This past year, we have made incredible progress toward our mission of finding treatments for Nemaline Myopathy. Watch this video to check out some of the highlights from 2022:
We funded 10 research studies throughout the world, with research institutions including:
- Folkhalsan Research Center (Finland)
- University of Copenhagen (Denmark)
- Harry Perkins Institute of Medical Research (Western Australia)
- Monash University (Australia)
- Brigham and Women’s Hospital, Boston (USA)
- University of Arizona (USA)
- Hospital for Sick Children (Canada)
- Univ. of California, Riverside (USA)
- University of Washington (USA)
Of the 10 studies, 3 focused on “Basic Science“: helping researchers better understand key information about Nemaline Myopathy
6 projects focused on “Translational Science“, turning observations from basic science studies into therapeutic interventions.
1 project focused on a wearable technology to support muscle function.
We hosted the SciFam Conference (Scientific and Family Conference), in Nashville, TN, a four day neuromuscular conference for both in-person and virtual stakeholders, welcoming NM families and AFBS funded researchers from around the world.
We facilitated 5 webinars focused on “Amplifying the NM Community’s Voice”, in partnership with PCORI (Patient-Centered Outcomes Research Institute).

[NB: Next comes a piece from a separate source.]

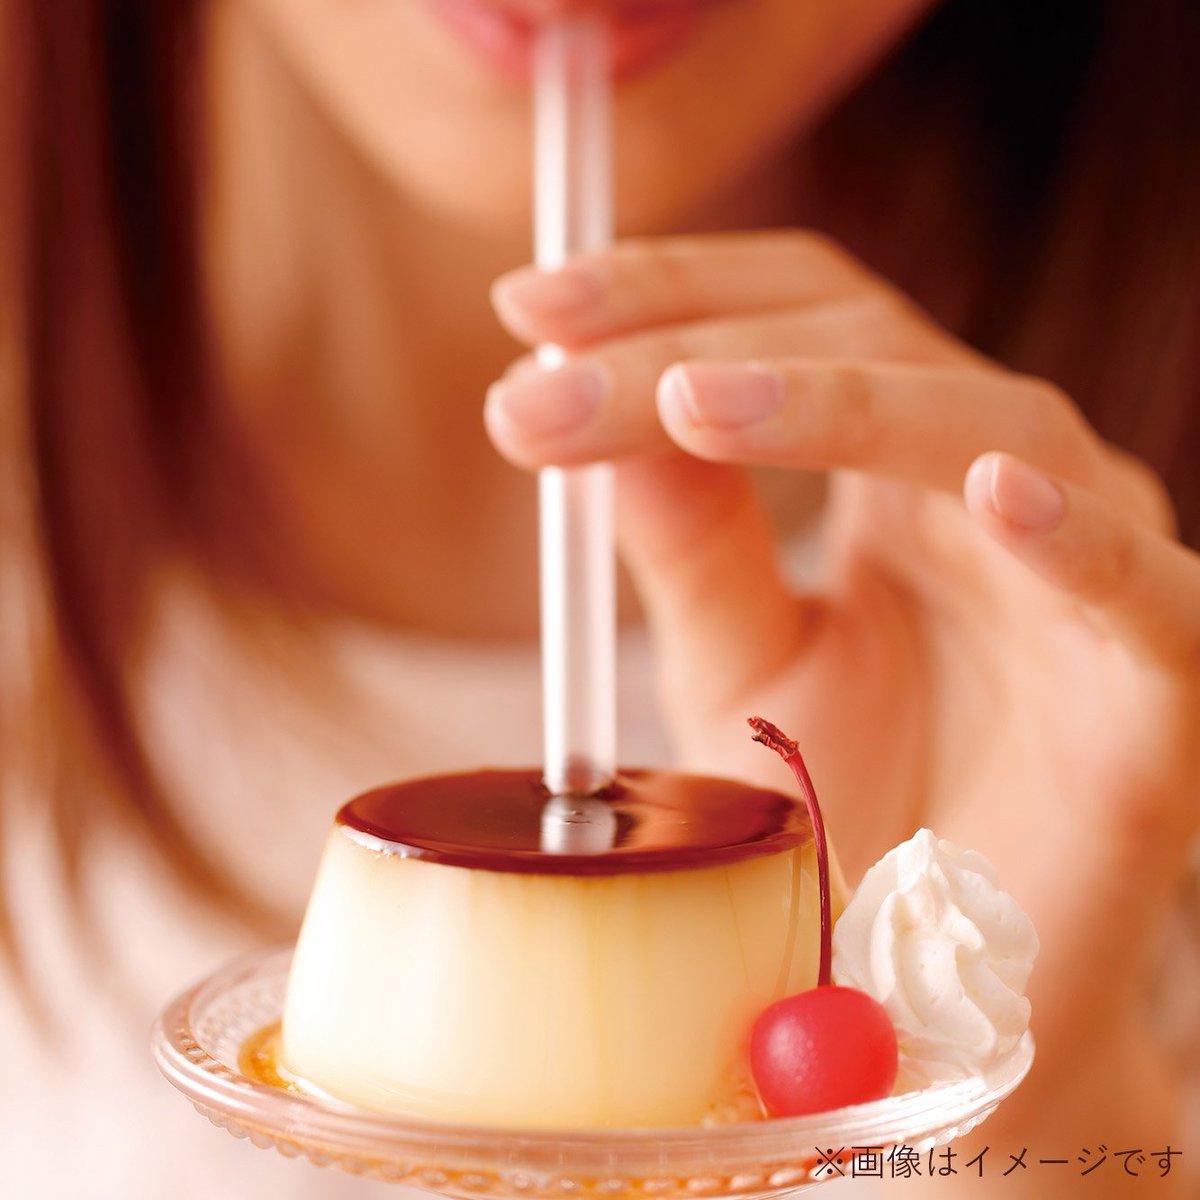 6月1日より、のむ、たべる、まぜる、新食感デザートドリンク『ジェリコ』がスタート❤️今年の新作はコメダのミルクセーキにカラメルジェリーを合わせた『飲むとプリン』🍮これまでのプレーンジェリコが今年は「元祖」となって登場❗️※販売は一部店舗を除きます pic.twitter.com/HK0ghoSgax

The webinars included updates from researchers, opportunities for NM community members to be involved in driving forward NM research, basics of research fundamentals, topics on building a lasting infrastructure to support meaningful research initiatives, getting involved in the CMDIR and tissue repository, a pathway to a natural history study, and why genetic confirmation matters for treatment.

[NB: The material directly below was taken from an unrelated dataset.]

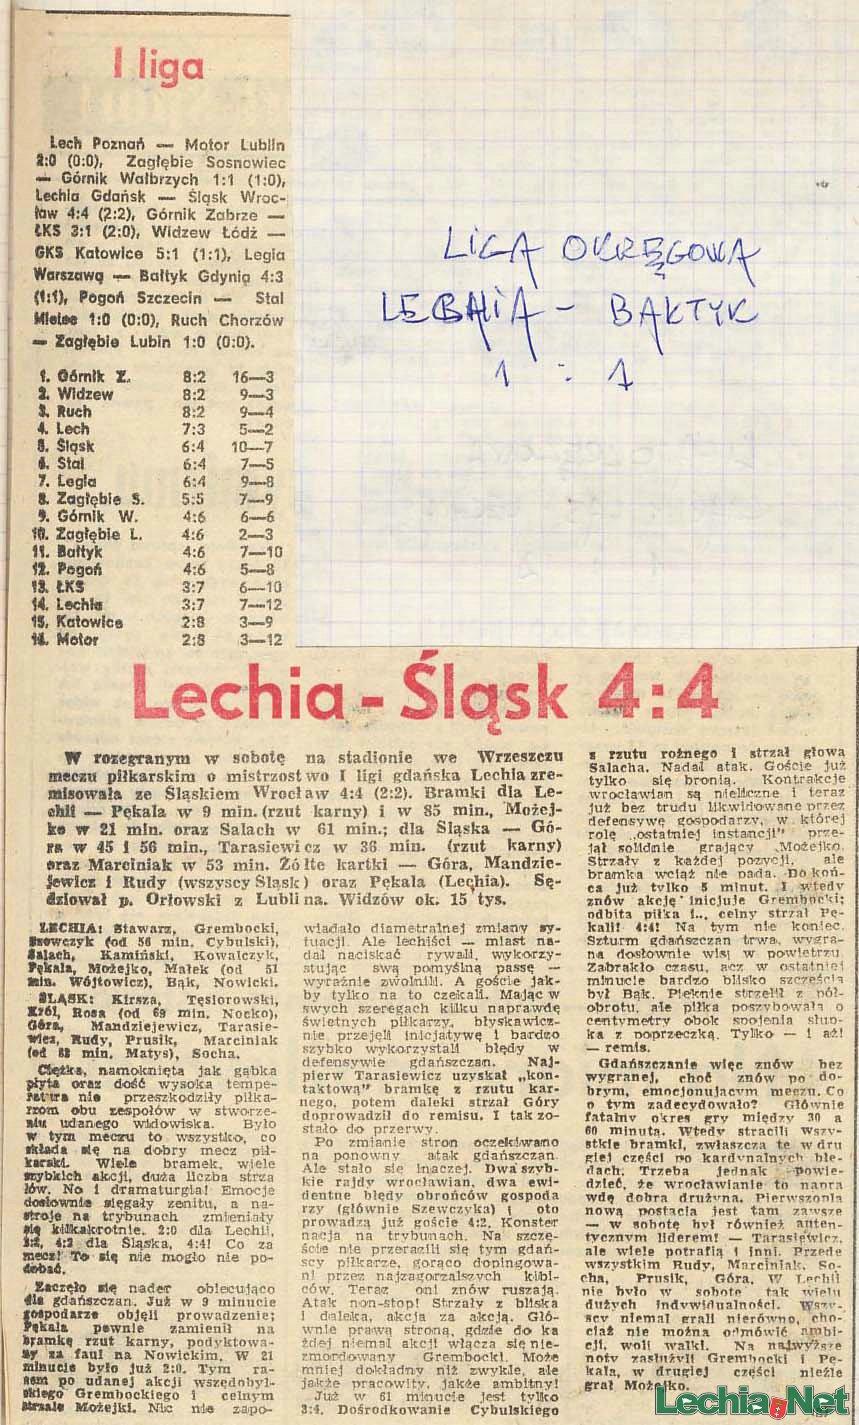 Relacja prasowa z meczu Lechia Gdańsk – Śląsk Wrocław

We celebrated Team AFBS runners at the NYC Marathon and hosted a Family Gathering for the NM community.
We held the 2nd Annual A Weekend of Building Strength: an annual AFBS fundraiser where anyone from around the world can choose a physical activity, raise funds and bring awareness to NM.
We welcomed 2 new board members (Matt and Kelly Lloyd) and said farewell to one incredible board member (Patty Mitchell).
We gratefully partnered with the Chan Zuckerberg Initiative, Rare as One Project, helping us build our capacity, improve diagnosis and diversity, equity, and inclusion within the NM community.
We have made incredible steps toward Nemaline Myopathy treatment, expanding our progress as the leading non-profit supporting Nemaline Myopathy research.
Thank you for your role in our progress in 2022!